Monday, Mar. 18, 1957

Barbaric Palace

The sophisticated Romans built of enduring stone, brick, concrete and mosaic, and Britain is strewn with the ruins of their villas and fortifications. But the barbarian Anglo-Saxon bands that invaded Britain after the Roman legions withdrew in the 5th century lived in crude timber buildings that rotted away with the centuries, leaving only the faintest of traces. Last week Archaeologist Brian Hope-Taylor reported the discovery and exploration of the biggest early Anglo-Saxon structure yet found in Britain--one of the rectangular great halls described in Beowulf, where a leader's thegns gathered to tell tall stories or quaff themselves torpid on mead or beer.

Hope-Taylor was guided to it by the Venerable Bede, whose history of early Britain (written in the 8th century) related that Edwin, a 7th century king of Northumbria, had a royal palace of sorts at Gefrin, which is now the small (six houses) village of Yeavering in the Cheviot Hills. No visible traces remained, but in 1951 Cambridge University made an air survey of the region. Pictures of a field of sprouting barley showed a vague rectangular shadow and a smaller, wedge-shaped one.

Outdoor Theater. Financed by Britain's Ministry of Works, Hope-Taylor excavated the site with prodigious care. He skinned off the topsoil and found faint color changes that showed where timber had rotted. He also found a few foundation stones and many traces of holes where posts had been set in the earth. Working from these clues, Hope-Taylor concluded that the wedge-shaped area had been the site of a crude, roofless, theaterlike structure filled with wooden benches. Facing the benches was a dais protected from the weather by a screen of wickerwork daubed with clay. From this primitive rostrum King Edwin may have harangued his thegns. The benches where the thegns sat were probably arranged like a grandstand, the highest ones in the rear. At least, says Hope-Taylor, the rear benches were supported by thicker posts.

When King Edwin was not holding court in the theater, he was probably in the slightly more comfortable great hall next door. The hall measured 90 ft. by 45 ft. Charcoal fragments mixed with the earth showed that it must have been burned down at least once, and careful digging indicated that at least three halls had been built successively on the same site. Arson was standard practice in King Edwin's time.
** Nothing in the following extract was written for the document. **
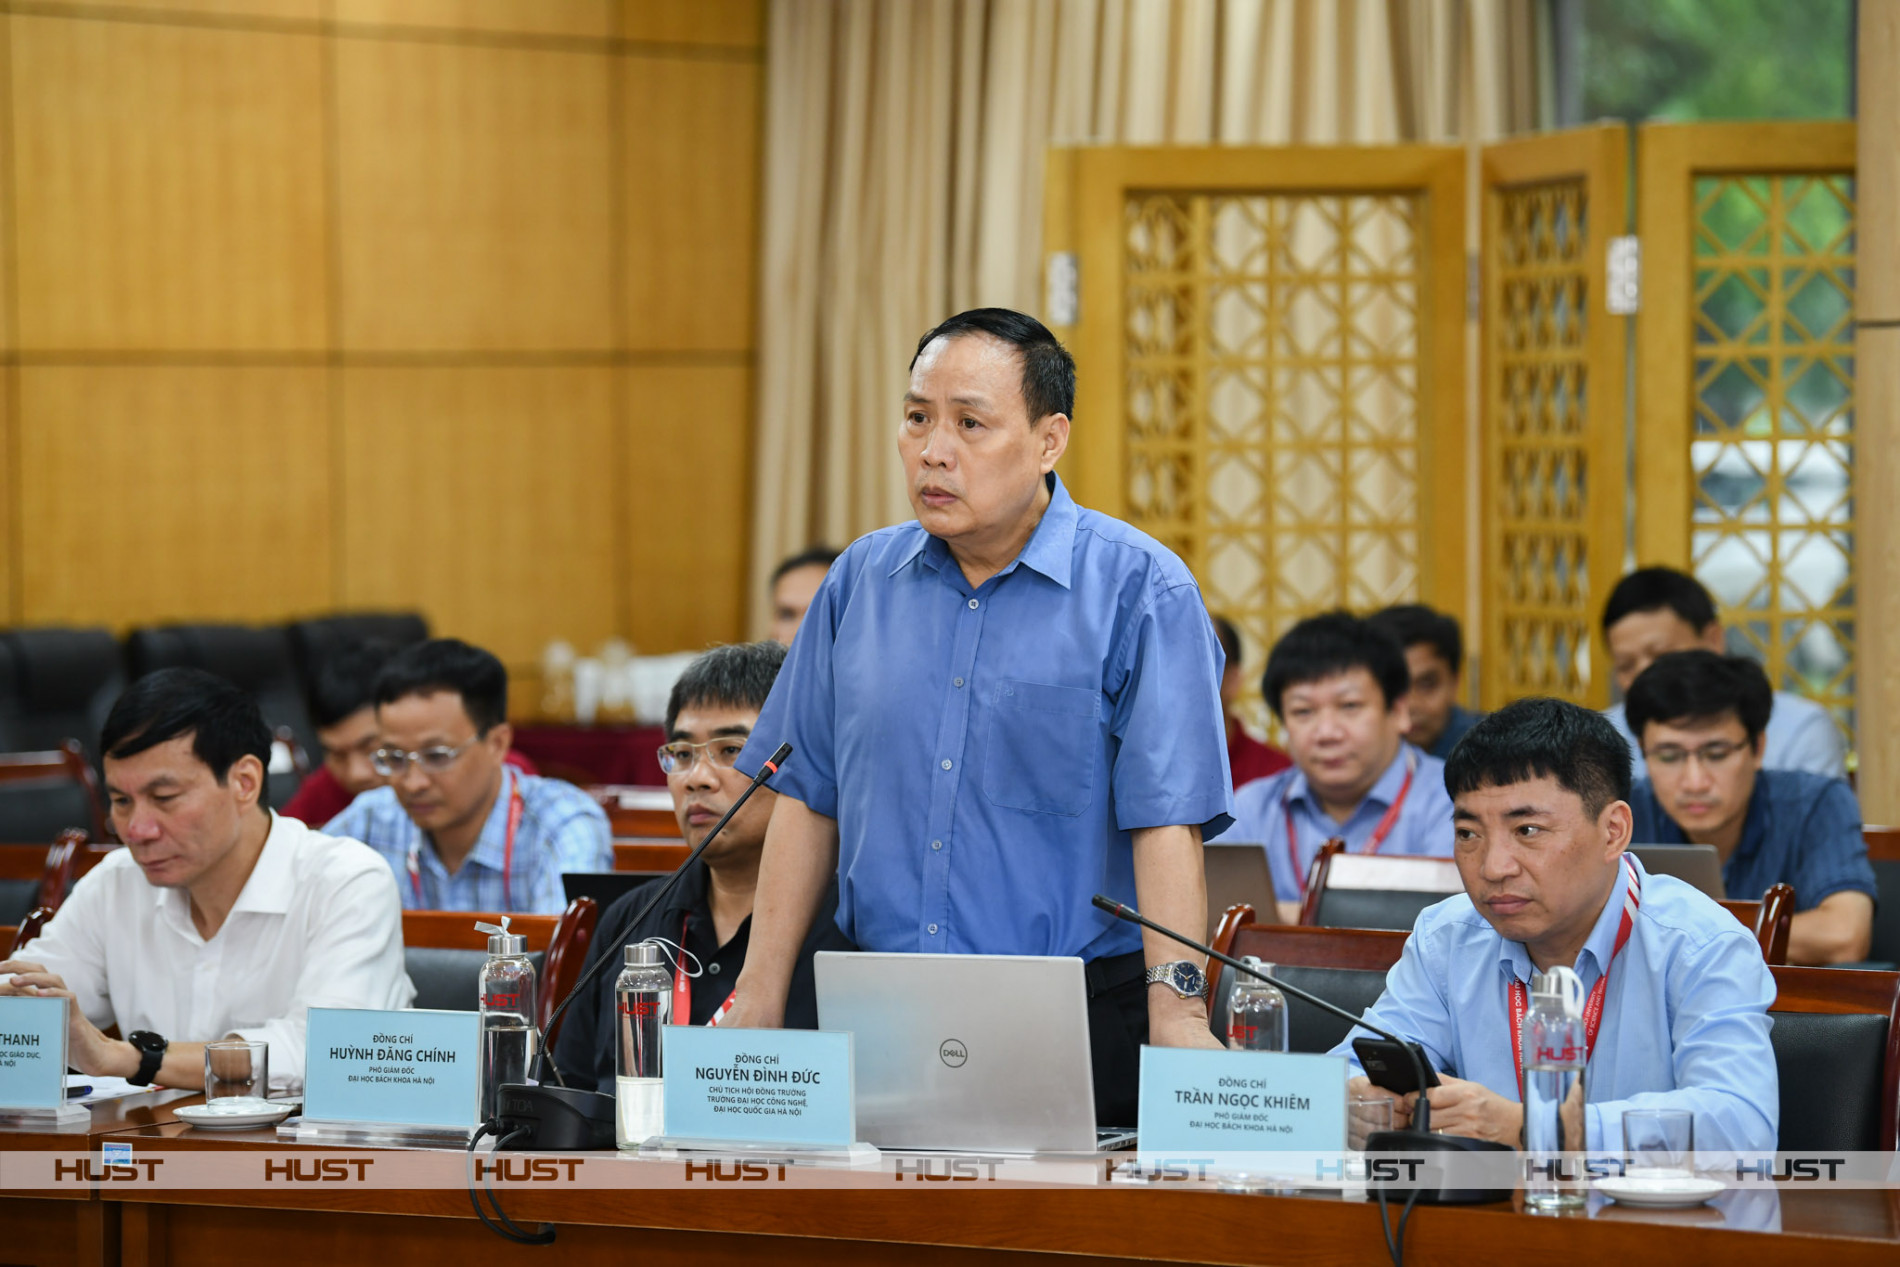 GS. TSKH Nguyễn Đình Đức, Chủ tịch HĐT, Trường ĐH Công nghệ, ĐHQG Hà Nội - phát biểu tại Tọa đàm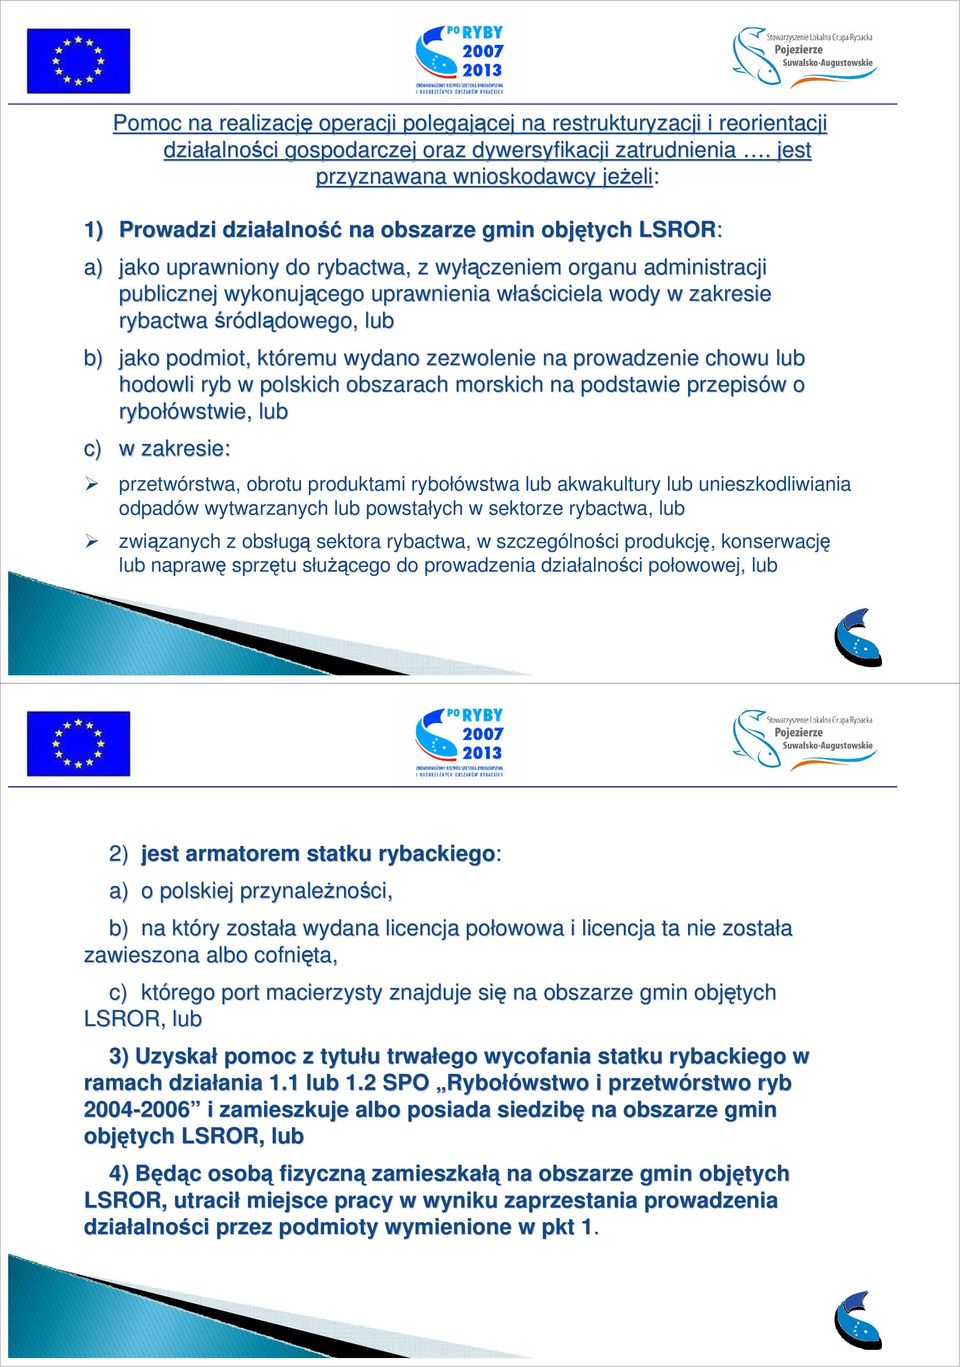 uprawnienia właściciela w wody w zakresie rybactwa śródlądowego, lub b) jako podmiot, któremu wydano zezwolenie na prowadzenie chowu lub hodowli ryb w polskich obszarach morskich na podstawie

Open to the Birds. Modern experts have long suspected that the description of the gold-decked walls and benches of the great hall in Beowulf owed more to the unknown author's imagination than to historical fact. At Yeavering, Hope-Taylor found no trace of such gold-leaf splendors: only a few potsherds, knives, belt fittings, nails, loom weights and a single gold coin. But the finds date from the 7th century A.D.--and he feels reasonably sure that King Edwin really ruled from this barbaric palace. It may have been the actual hall where he was converted to Christianity. According to a legend repeated by the Venerable Bede, a pious thegn called his attention to a sparrow that flew into the hall in the dead of winter, lingered awhile in the warmth, and then vanished again into the winter dark. The sparrow's stay, the thegn intoned, was like human life, brief and soon ended. King Edwin, says the Venerable Bede, was impressed and converted. Other historical evidence suggests more crassly that Edwin was converted by his Christian wife, and by the belief that the new faith would be politically advantageous. In any case, the story of the sparrow suggests that Anglo-Saxon palaces must have admitted a good deal of weather along with the birds.